This is just one way in which Minecraft can be used to engage new audiences with museums, art and culture.Recently, Adam was shortlisted for the Tate Britain IK Prize, celebrating talent in the digital industry. His proposal, TateCraft, invited audiences to take part in an immersive Minecraft adventure, exploring the BP 500 Years of British Art from an entirely new perspective - literally from inside the artwork!

— What you'll learn

  • Find out more about the benefits and potentials of games based experiences
  • Discover and be inspired by the possibilities opened up through games for learning
  • Explore the future developments in this area

12:00 pm

Create a fictitious world in your museum

Irene Haan,
EYE Filmmuseum (The Netherlands)

Designed for the youngest film lovers, EYE has developed a new exhibit called the EYEwalk. Children receive headphones and a tablet on which they see the actual space in the museum building, making it seem as if they are looking through a camera. However, the application plays a film that shows that very museum space with actors re-enacting pivotal situations in film history combined with archival footage.

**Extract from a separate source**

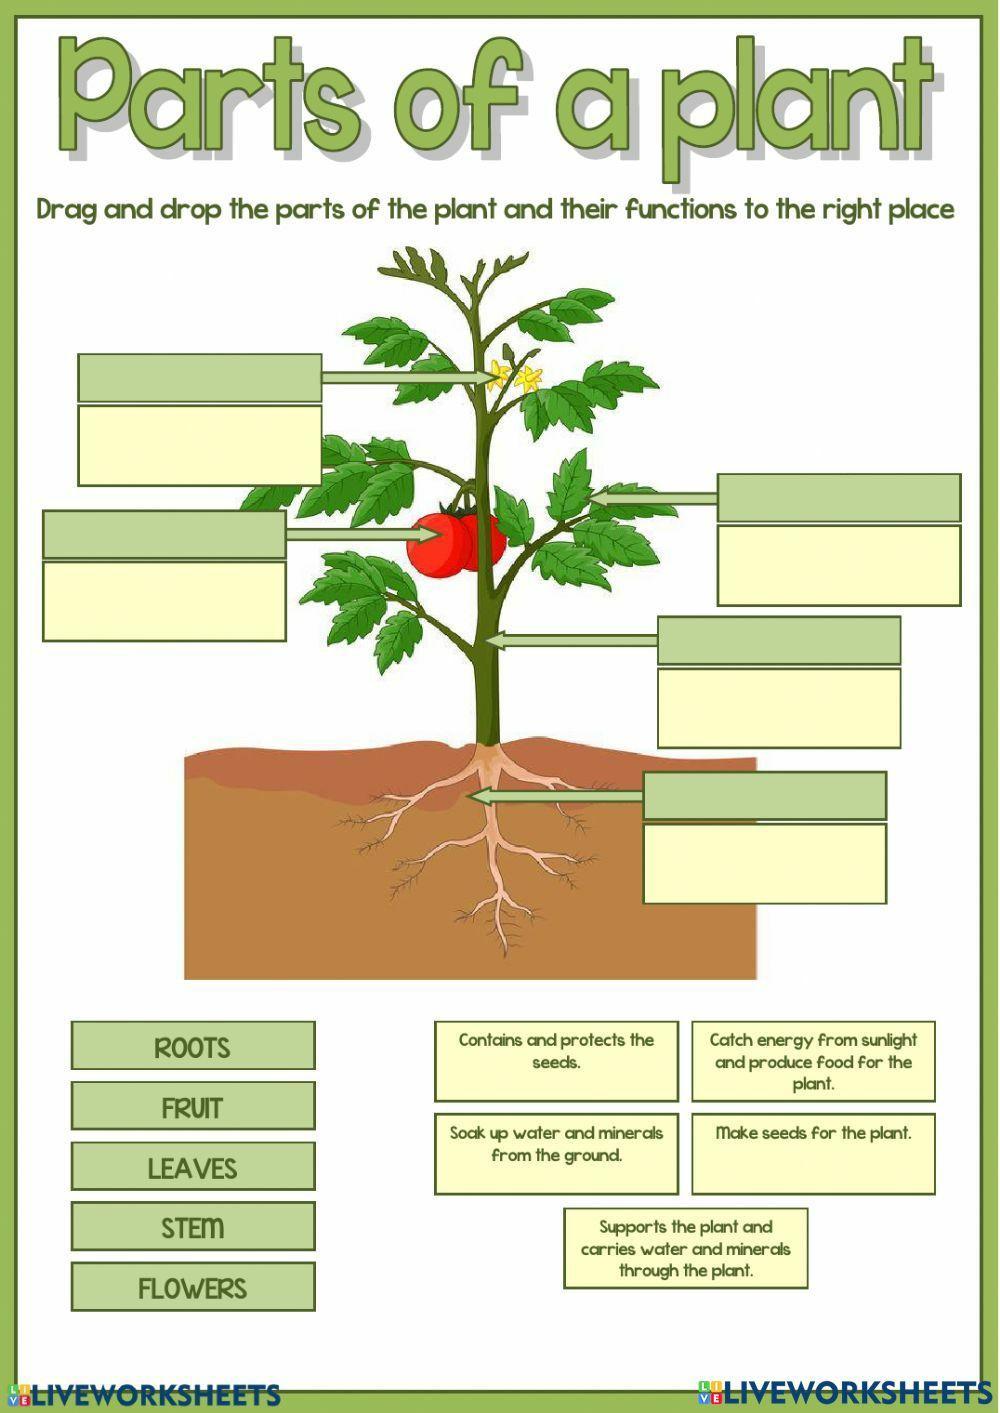 Plants diagram

For 15 minutes, the EYEwalk offers many thrills and spills by effectively using film effects and film history. With the successful videowalk EYE engages children with film history and shows a glimpse of the films and pre-cinema instruments the museum has to offer.

— What you'll learn

  • How to develop an immersive virtual reality experience in your museum
  • Discover the benefits and challenges for this new educative tool

12:00 pm

Touch Van Gogh and be touched

Marthe de Vet & Jolein van Kregten,
Van Gogh Museum (The Netherlands)

In recent years, the Van Gogh Museum has conducted extensive technical research into Vincent van Gogh’s working methods. Our findings have shed new light on the world-famous artist and his work. But how can we make the technical information widely accessible to various groups, without scaring them off with incomprehensible tables and X-ray fluorescent spectrographs?

New media, such as multi-touch tablets, has influenced our curation and interpretation of the recent research findings. This has affected our range of educational tools online and onsite, where we now alternate works of art with hands-on methods, giving our public a vivid look at the artist – and the researchers – at work.

— What you'll learn

  • How the museum can take advantage of new technological ‘habits’ to promote immersion and engagement among visitors and non-visitors alike, and how this may affect the museum’s range of educational tools
  • Early evaluations of user responses and results from visitor surveys
  • Whether this range of tools has succeeded in giving the public the feeling that they are ‘looking over the shoulder’ of the artist – and the researchers.

12:00 pm

Museum on the Market: Recollecting the past with AR

Ferry Piekart,
Twnkls Augmented Reality (The Netherlands)

A brand new open-air museum is created in Spijkenisse. It can’t be seen with the naked eye though. The museum is built entirely in augmented reality. A smartphone or tablet with the Museum on the Market app is needed to see the exhibition. The museum reconstructs the old village that used to be on the market square in 3D, which also includes an audio tour. At first, this seems pretty straightforward. But constructing the old village in 3D seemed an impossible task, since there didn’t seem to be enough visual information to build the 3D buildings. At least, this information wasn’t available in archives, museums or photobooks.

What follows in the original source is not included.